Don’t tell her she’s always been difficult or anything like that, yes she’s horrific for bringing your kids into it. But she was a troubled teenager whose only view of you is based on lies.
Divorce him, write her a letter as a “goodbye” saying during the argument some things have come to light.
You’ve loved her, you’ve really tried, you have many cherished memories together and you know her view is based on the rubbish she has been told. You wish her and (controlling) wife well in their marriage and will be thinking of her on their special day.
Then leave it be. Nothing negative about what she’s done or said to you, only positives.

Clutterbugsmum · 01/03/2021 09:35

You don't need to speak to her at all. You do need to tell John that you do not want to see/hear anything from her. There is no reason for him to even mention her or her wedding as you have made it crystal clear that you will not be involved or go to it. You know when it is, so you know that he will be going that weekend.

They are both doing this to continue to hurt you. They both know you are not involved in these lies and they both continue to abuse you and more importantly they are enjoying hurting you.

frazzledasarock · 01/03/2021 09:46

You know how you felt your head would explode at the possibility that everything your husband has told you is a lie so nothing you know from him is true.

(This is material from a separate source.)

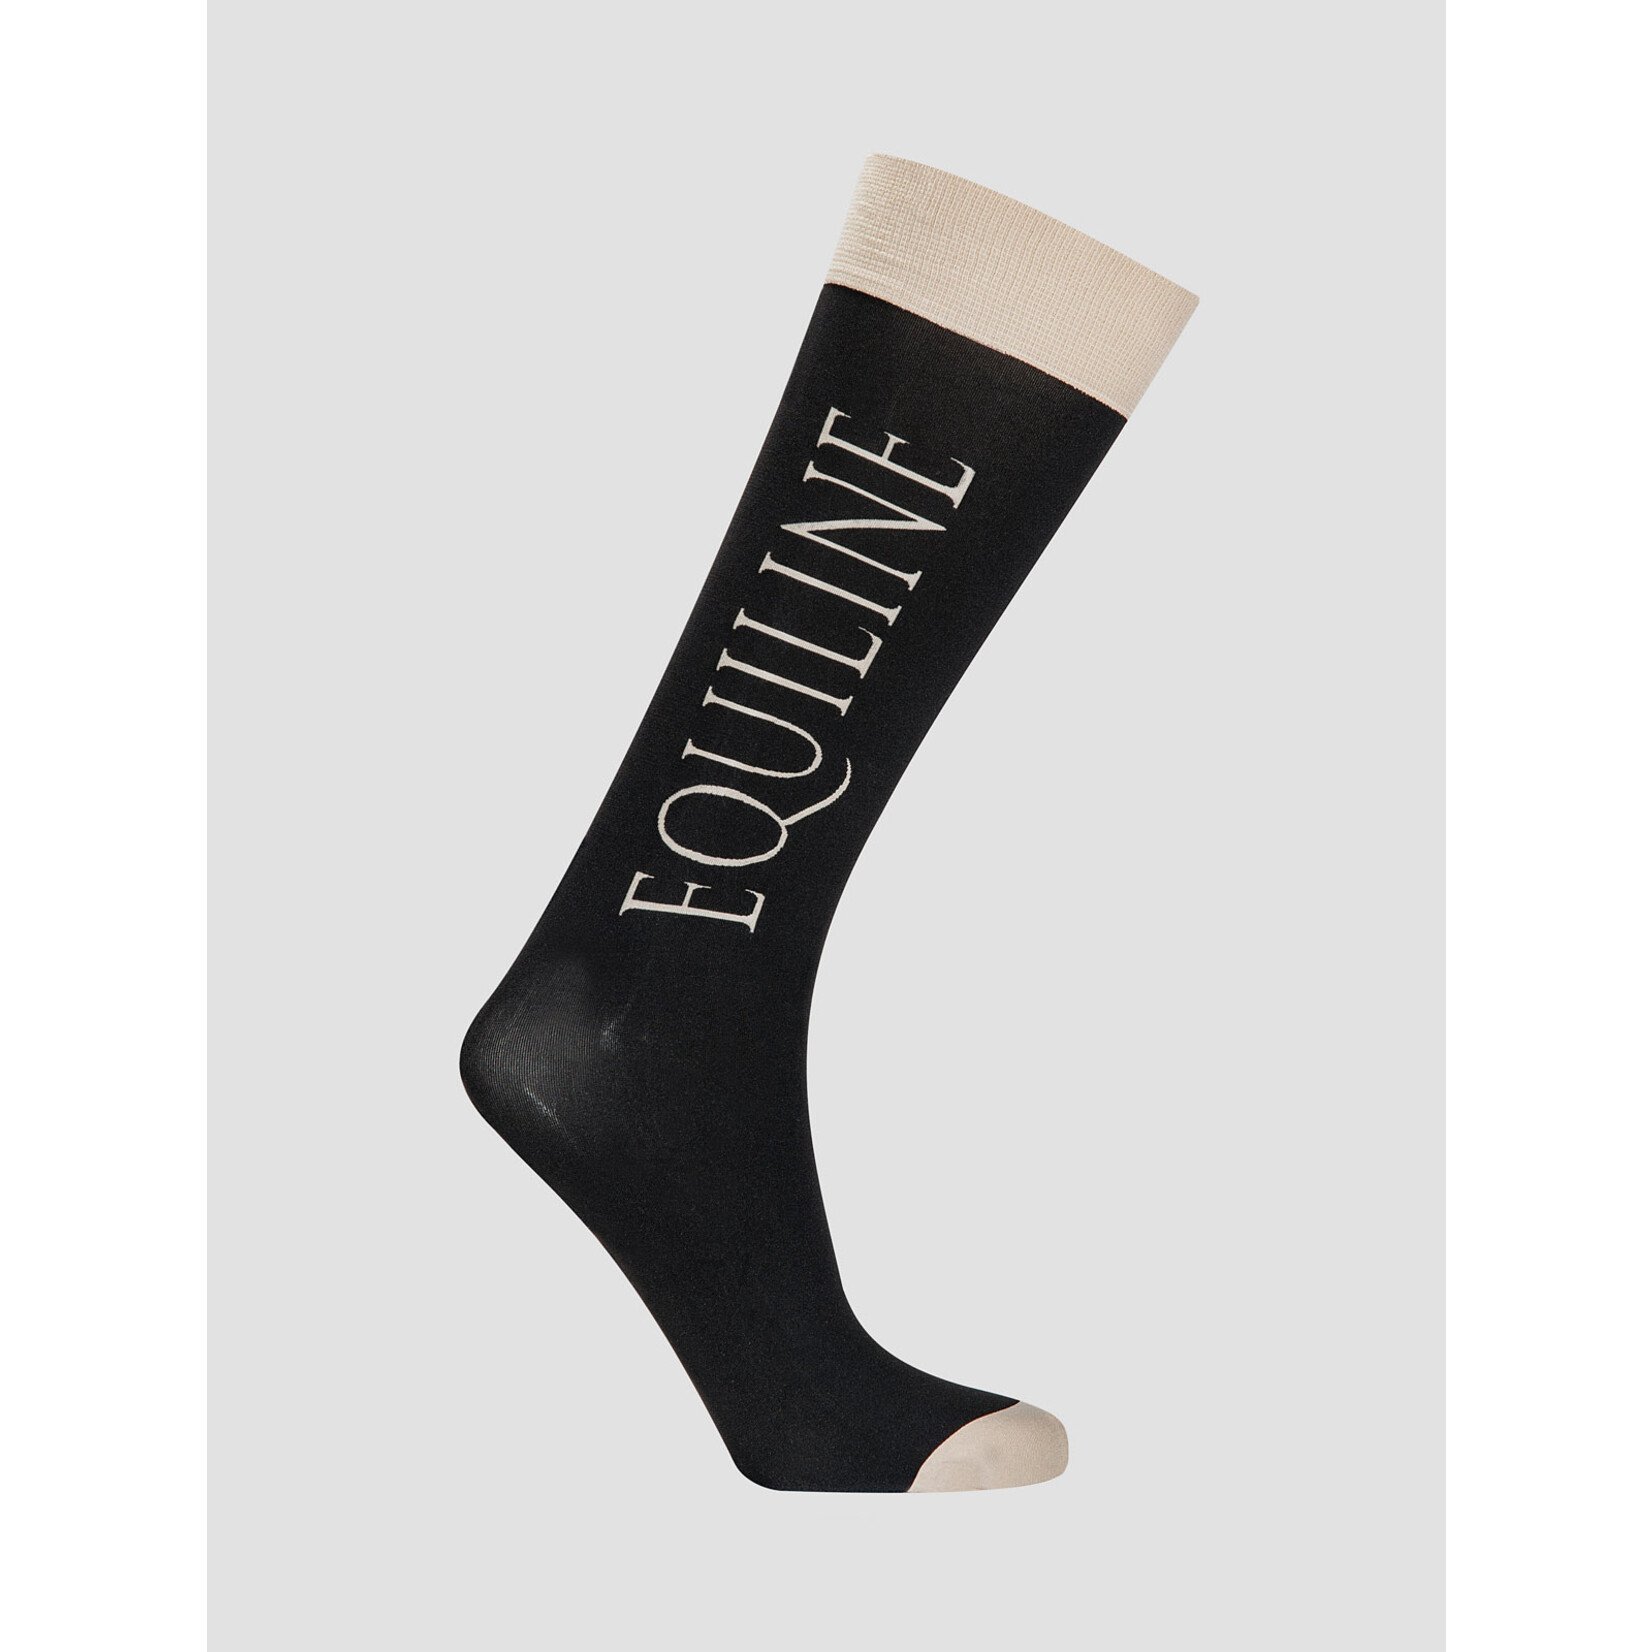 Equiline Equiline Softly Socks, Ultra-thin Microfibre socks, 3 pairs per pack, Black, One size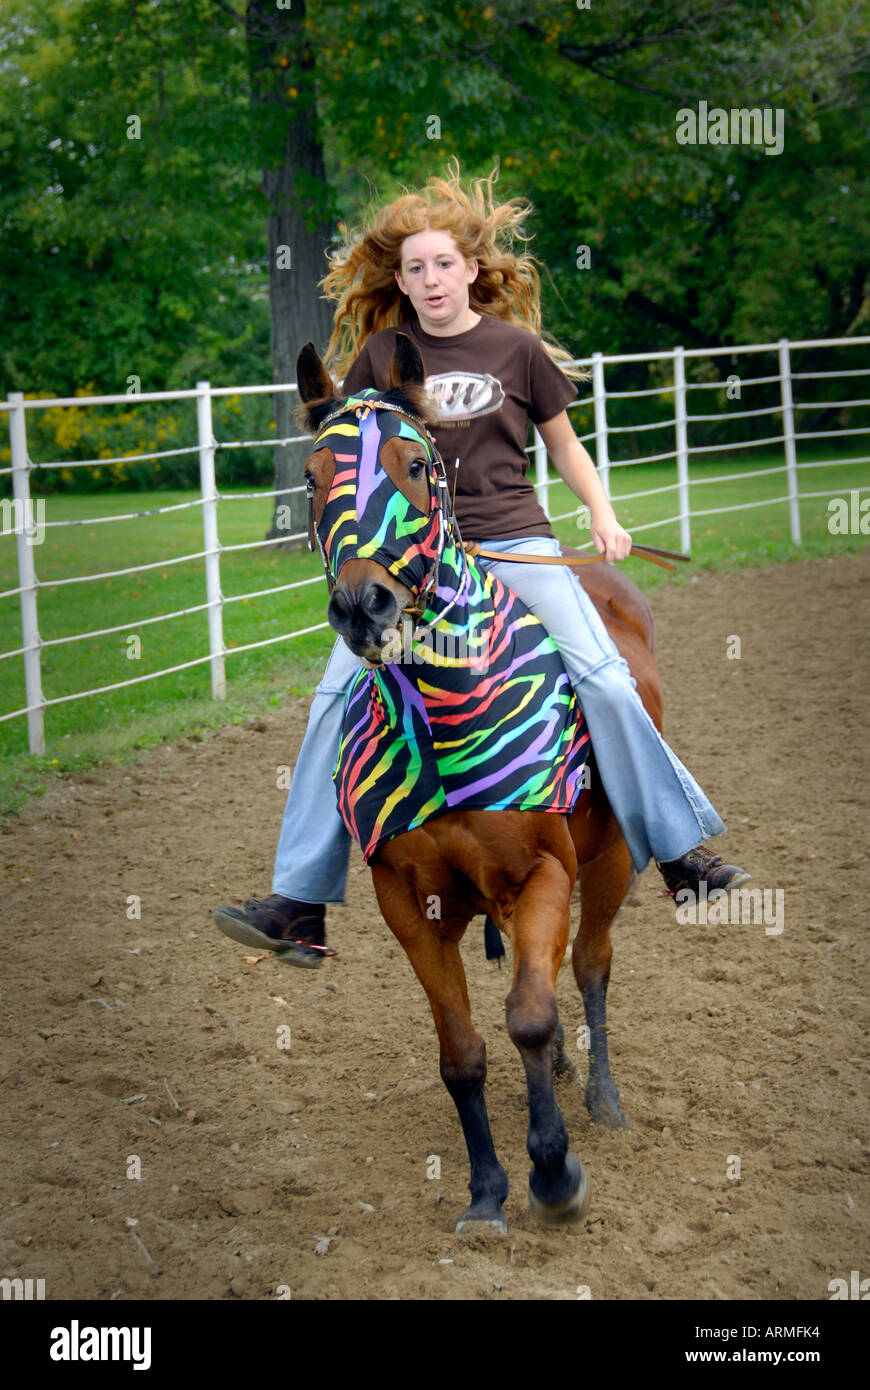 High school female student riding bareback without a saddle competes in equestrian event Stock Photo

That's Helen, except she doesn't know your H is a liar, add in whatever childhood trauma she has suffered and that's never going to result in a calm rational person is it?

I wouldn't bother trying to justify or put right anything.

You will not be believed and it will just add fuel to this whole sorry drama.

I'd just speed up plans on leaving this whole sorry mess with my children still relatively in tact.

picklemewalnuts · 01/03/2021 10:03

I'd send her a simple email, copying him in if you want to.

I'd say that you wish her well, and always have. That unfortunately her father has not been honest in his dealings with you and her, and has created this situation of distrust. That you are going to step away from all the arguments, because you know that arguing won't help any of you heal or change what you all believe about each other. That you have tried hard to help and support her, but understand that she isn't able to appreciate that because of the complexity of the relationships. That you hope she will stay in touch with her siblings, but not to bring them into arguments she has with other family members.

Howshouldibehave · 01/03/2021 10:39

But she has already told oldest teen that teen is a liar about my conversation with teen

Are these all the same one teen?

ruledbynine · 01/03/2021 10:47

I don’t understand why you haven’t left your husband yet. You seem more invested in “proving” your innocence than actually cutting out the infestation that is rotting away your life. How can you live like this?